Although comparisons to The Wicker Man are inevitable, Midsommar isn’t as interested with the fish out of water, Western-psyche motif as much as the disorienting effects of a relationship gone awry. This movie is a long, bad acid trip; anxiety-ridden, but always intriguing. When Christian, Dani and their oblivious, millennial friends (engendering most of the movie’s laughs) arrive in the Swedish commune, they’re warmly welcomed by the Harga tribe with inviting smiles, flowing hair and white frocks. A tract of green acreage, peppered with off-kilter buildings straight out of Grimm’s fairy tale, the sun always shines in this part of the world, but the interiors of its hexagonal buildings are both stifling and texturally bleak.

As Christian and his friends snoop into the commune’s private machinations for their academic pursuits, Dani undergoes a transformation of her own, coming to terms with her own dark musings as she grows closer to the Harga’s community of women. Soon, the cracks begin to show, not only in Dani and Christian’s tenuous relationship, but with the commune’s deceptively sunny demeanor.
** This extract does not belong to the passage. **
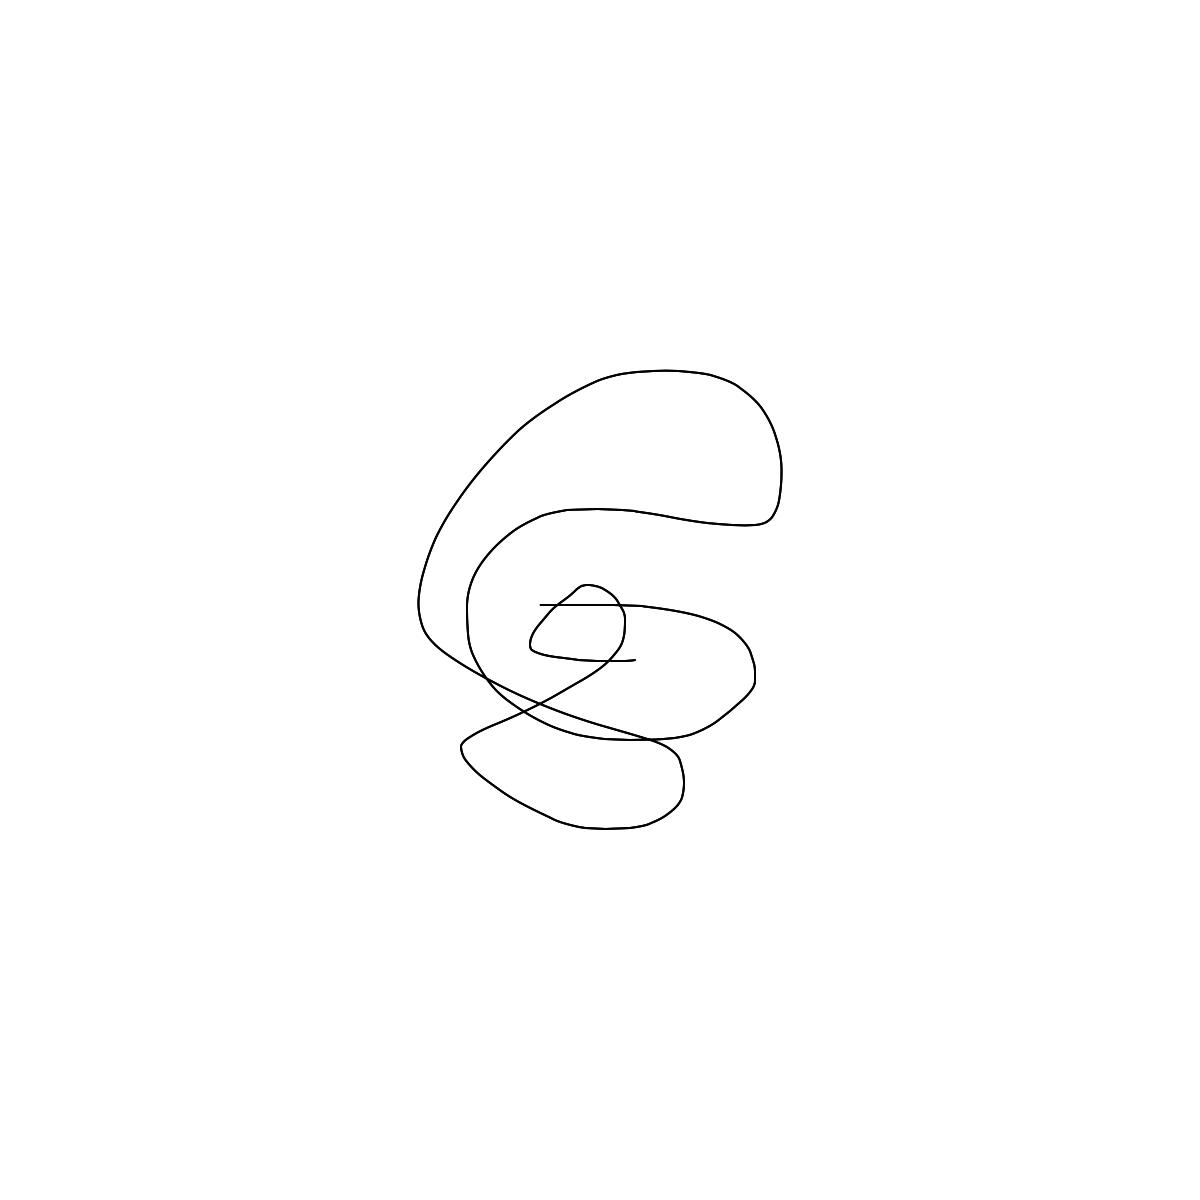 BAAAM drawing#830 lat:46.6606292724609400lng: 1.7922623157501220

With a running time of 140 minutes, Midsommar is unrelenting in its flirtation with dread, not unlike Hereditary was. Aster’s style is much more restrained here and there’s a naturalistic quality to the narrative, as if we’re following these people in real time. So, when things go wrong, the brutal violence is much more acute. Still, his talent as a director exceeds those as a screenwriter. He seems to be splattering ideas on a canvas, hoping a few might hold, when he’d do better condensing his subject matter into a more focused, palpable theme.

That said, Aster is one of our most original filmmakers, especially for horror, in that he discards traditional tropes and opts for a headlong journey into existentialist sickness and anxiety. What happens when you can’t connect with others, especially those you love? What’s that empty space inside of you feel like? Like Kubrick, he lingers on scenes most directors would cut away from, and there are images in this film that are unshakable. Sometimes this stripped down, prismatic approach works, at other times it flails. But love it or hate it, you won’t easily forget the blinding sunshine, surrealist tumult and extreme violence of Midsommar.